Monsieur Camille Bonnemer, marchand d’art à Paris, nous a fait le plaisir d’être le premier invité de notre toute nouvelle promotion, sur proposition de notre camarade Alix Lelief. Il nous a pour l’occasion présenté avec conviction et clarté ce vendredi 27 septembre 2019, son regard personnel sur l’état actuel du marché de l’art et ses différents métiers. Une intervention passionnante de deux heures dont voici un compte-rendu synthétique.

Tout d’abord en guise de brève présentation, Camille Bonnemer insiste sur sa vocation de marchand : il s’est construit et développé sans avoir d’ascendance dans le « milieu », et rappelle qu’il est difficile de s’y faire une place par soi-même. Le marché de l’art en effet est constitué de différents professionnels, qui font tous affaire avec des clients, ceux qui font véritablement vivre le marché de l’art.

1. Les acteurs du marché

  • Le client, qu’il soit petit ou grand, simple amateur ou grand collectionneur

  • Marchands

  • Experts

  • Commissaires-priseurs

  • Décorateurs

  • Restaurateurs

  • Institutionnels (musées et fondations)

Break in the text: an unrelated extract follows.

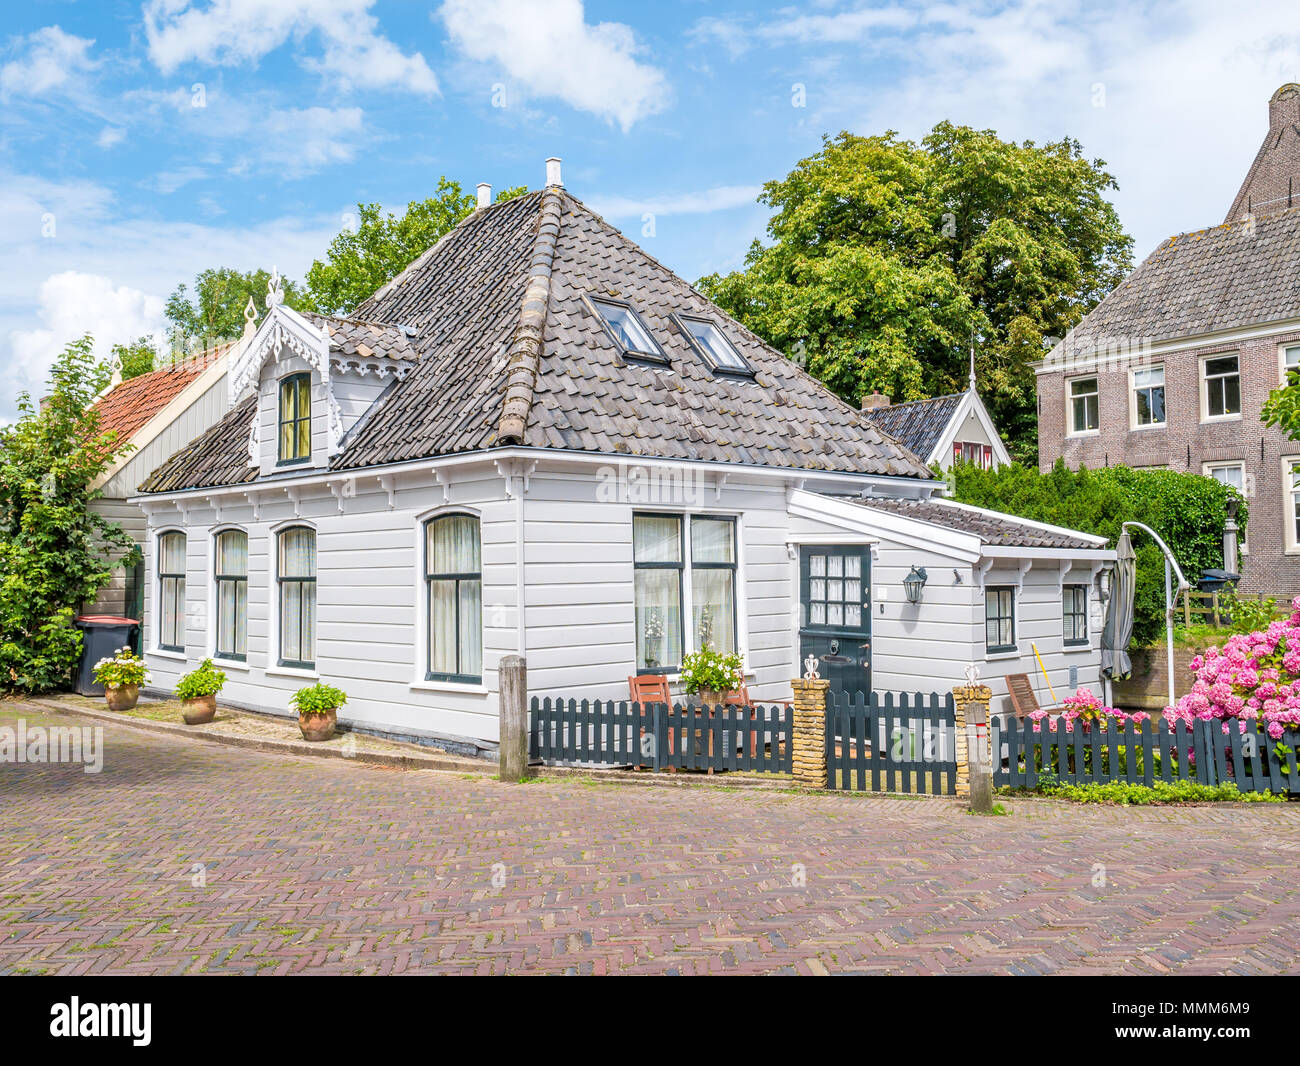 Avant de maison en bois dans la vieille ville historique de village Broek in Waterland, Hollande du Nord, Pays-Bas Banque D'Images

Le profil de l’acheteur a considérablement évolué, passant de celui du mondain cultivé qui fréquente autant les artistes que les intermédiaires du marché, vers celui de client qui fait appel à de nouveaux canaux d’achat et qui a moins de connaissances personnelles en art, moins d’intérêt pour son histoire et son esthétique.

C’est pourquoi les grands collectionneurs doivent être connus sur le bout des doigts : le bon professionnel est celui qui sait le mieux conseiller et orienter ses clients. Constituer une collection, c’est nouer une relation de confiance qui se renforce sur des années voire des décennies, et qui implique de pouvoir, ou plutôt de savoir - car il est tentant d’inciter à l’achat - dire non au client. Monsieur Bonnemer, en guise d’exemple, évoque les visites presque hebdomadaires de Pierre Bergé et Yves Saint-Laurent dans la galerie Anne-Sophie Duval, située quai Malaquais.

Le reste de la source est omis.